In this action, the appellee, as plaintiff, sued the appellant, as defendant, before a justice of the peace of Delaware county, Indiana.
In his complaint, the appellee alleged, in substance, that, on the 13th day of March, 1875, the appellee bargained, sold and conveyed to the appellant a certain pair of mules, of the value of three hundred dollars, in part consideration of which the appellant bargained, sold and conveyed to appellee a certain brown horse, of the value of one hundred and sixty dollars, and in further consideration of which the appellant promised to pay the appellee one hundred and forty dollars in money; that, besides the delivery to appellee of. the said horse, at the value aforesaid, the appellant paid the appellee forty dollars in money, leaving a'balance of one hundred dollars then due and wholly unpaid. Wherefore the appellee demanded judgment for one hundred and fifty dollars, and oth'er proper relief.
*111The trial before the justice resulted in a verdict and judgment, in favor of the appellee, for one hundred dollars, from which judgment an appeal was taken by the appellant to the court below. In this latter court, the cause was tried by a jury, and a verdict was returned for the appellee, assessing his damages at one hundred and six dollars and ninety-three cents. The appellant’s written motion for a new trial was overruled by the court, and to this decision he excepted; and his motion in arrest of judgment having also been overruled, and his exception saved to such ruling, judgment was rendered by the court below on the verdict.

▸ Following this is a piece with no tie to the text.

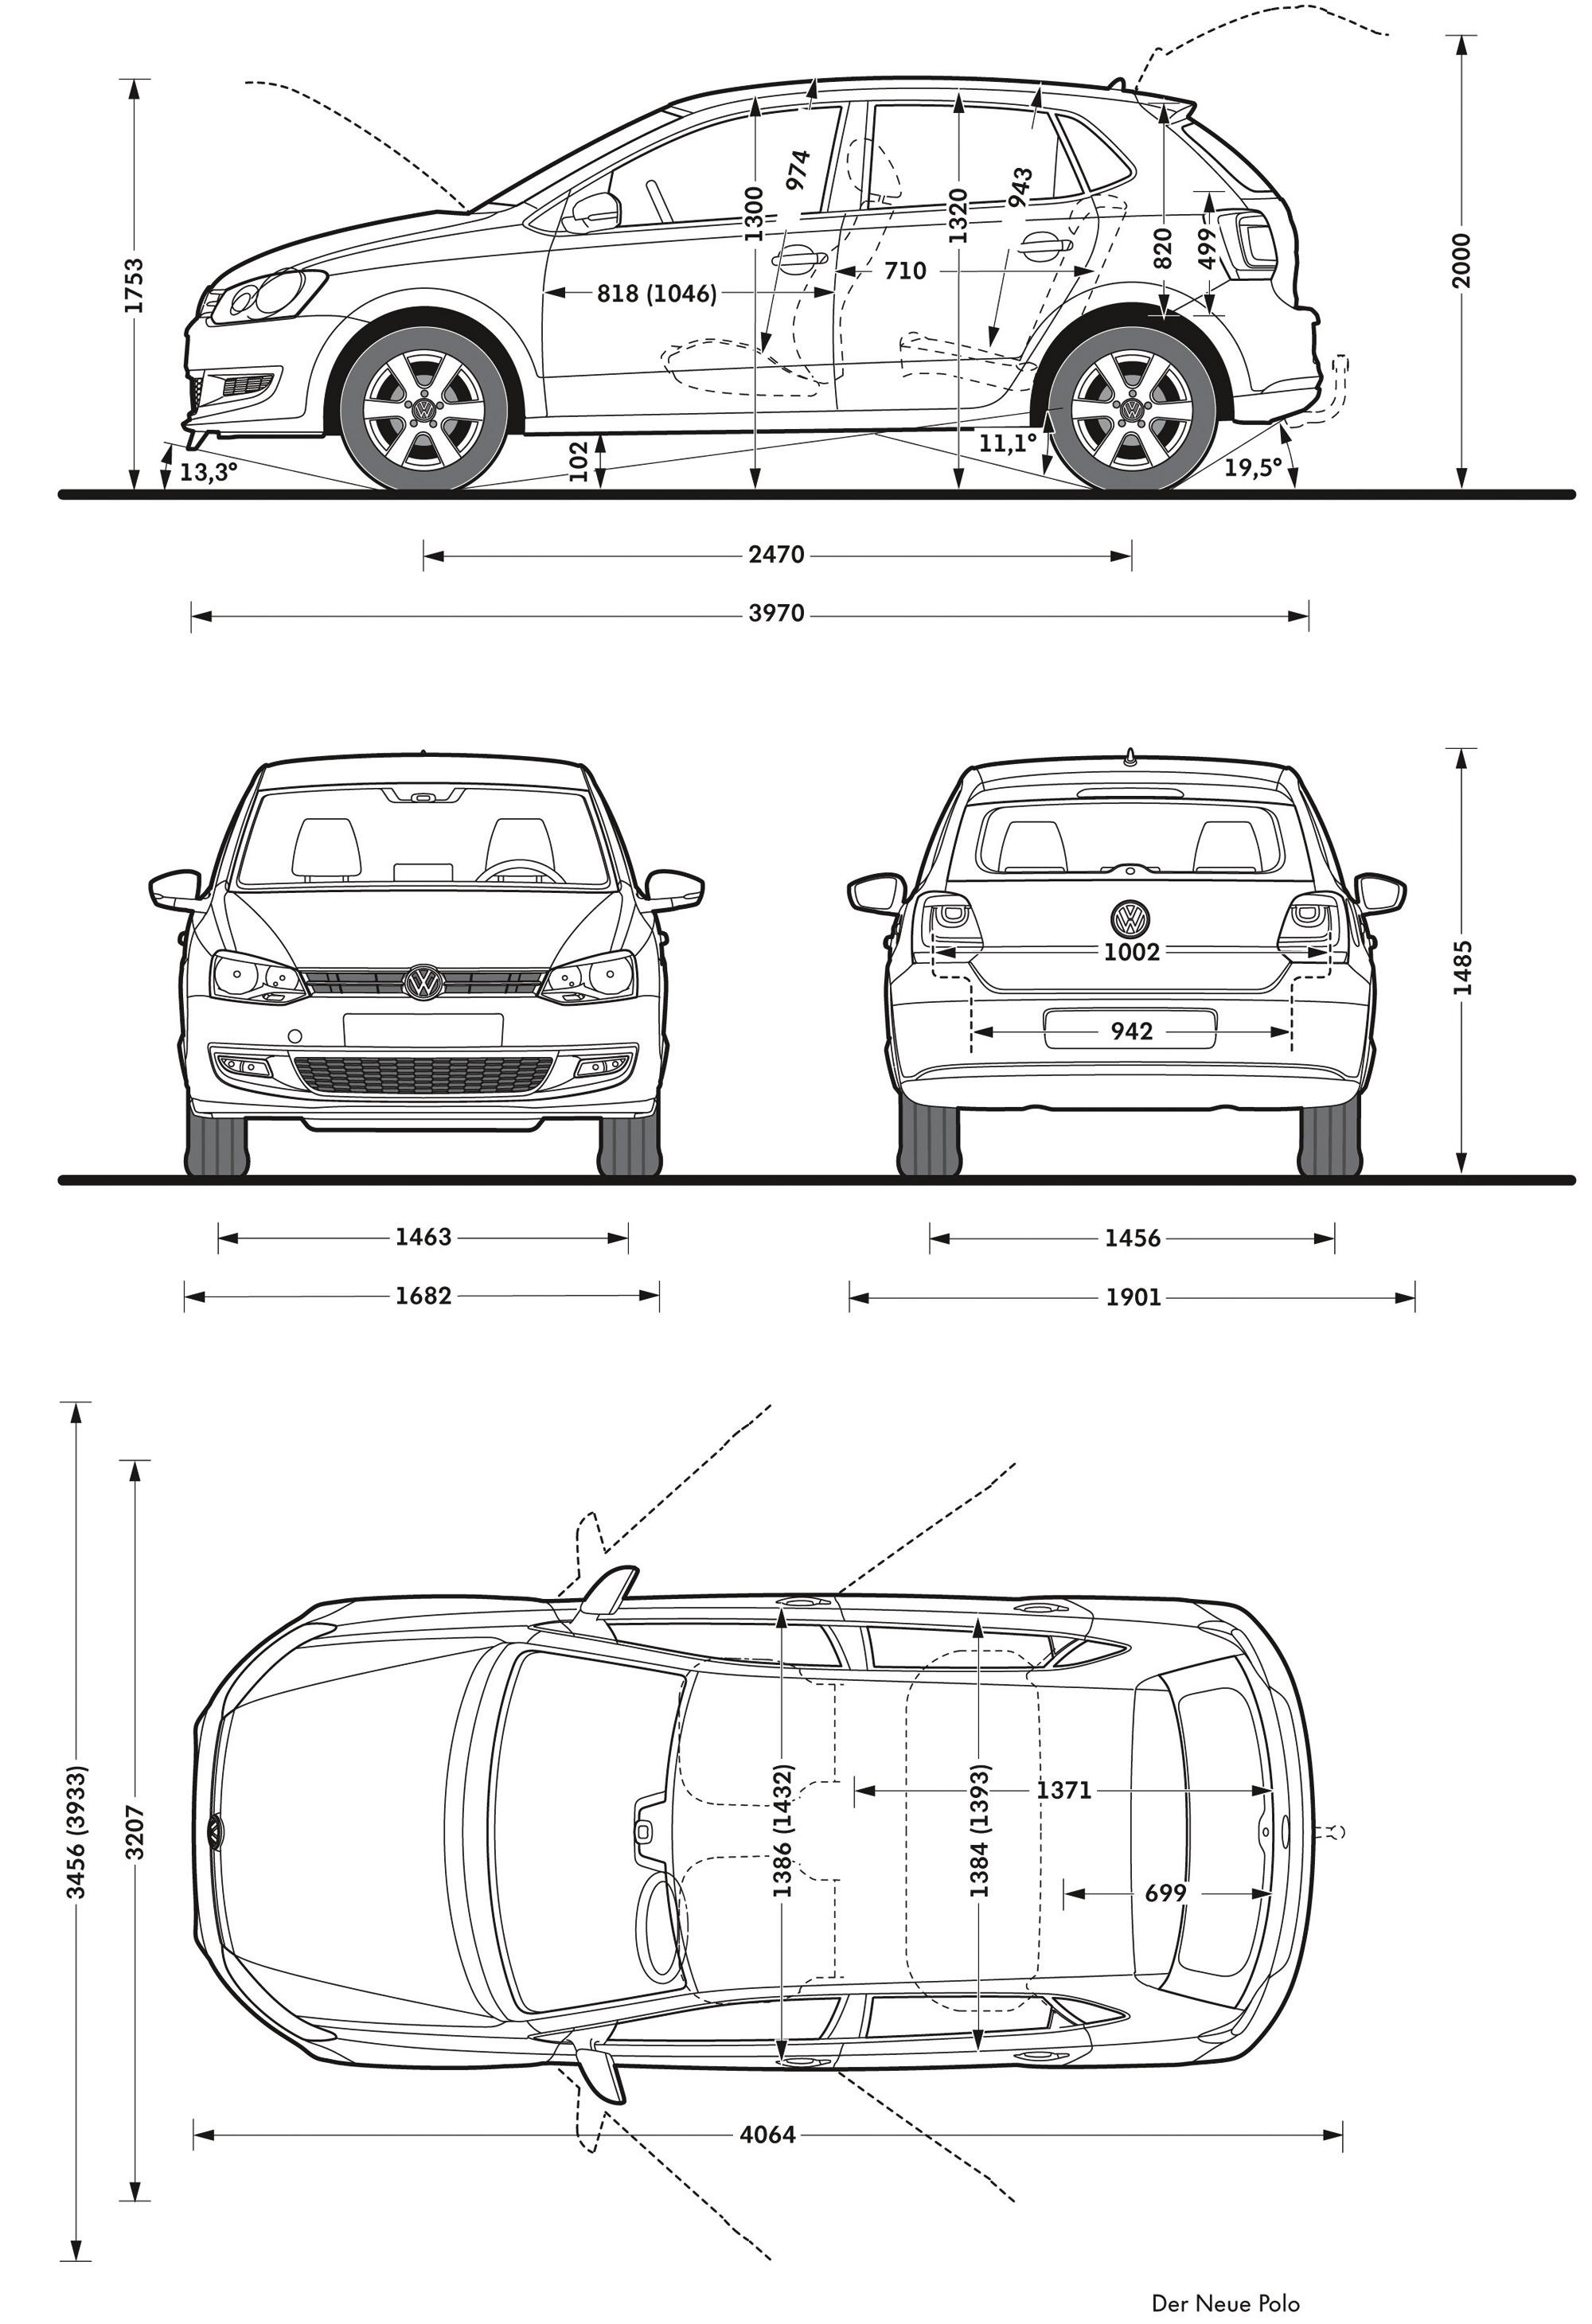 Ausmotive The New Volkswagen Polo

The errors assigned by the appellant, in this court, are the decisions of the court below in overruling his motion for a new trial, and his motion in arrest of judgment.
Ve will consider and decide the questions presented by these alleged errors in the inverse order of their assignment.
The appellant’s motion in arrest of judgment called in question, to a limited extent, the sufficiency of the facts stated in appellee’s complaint to constitute a cause of action. It is the settled law of this State, that, in suits originating before a justice of the peace, the complaint will be sufficient, even on demurrer for the want of facts, if it will inform the defendant of the nature of the plaintiff’s cause of action, and be so explicit that a judgment thereon may be used as a bar to another suit for the same cause of action. Milholland v. Pence, 11 Ind. 203; Clark v. Benefiel, 18 Ind. 405; Powell v. DeHart, 55 Ind. 94; The United States Express Company v. Keefer, 59 Ind. 263. Under these authorities, it seems very clear to us, that the facts stated in appellee’s complaint were amply sufficient to constitute a cause of action.
The appellant’s objection to the appellee’s complaint in this case is, that the complaint was not signed by the appellee, nor by his counsel. Such a defect, or rather informality, in the complaint, could not have been reached *112even by a demurrer for the want of sufficient facts, and much less so by a motion in arrest of judgment, after a verdict by which all such informalities are cured. The appellant’s motion in arrest of judgment was properly overruled. Fankboner v. Fankboner, 20 Ind. 62; and Lowry v. Dutton, 28 Ind. 473.
The only causes for a new trial, assigned by the appellant in his motion therefor, were, that the verdict of the jury was not sustained by the evidence, and that, it waa contrary to law.
The only question presented for our decision by these causes for a new trial is this: Was the verdict of the jury sustained by any sufficient legal evidence? We think that it was; and, therefore, we hold, that no error was committed by the court below, in overruling the motion for a new trial.
The judgment is affirmed, with ten per centum damages, at the appellant’s costs.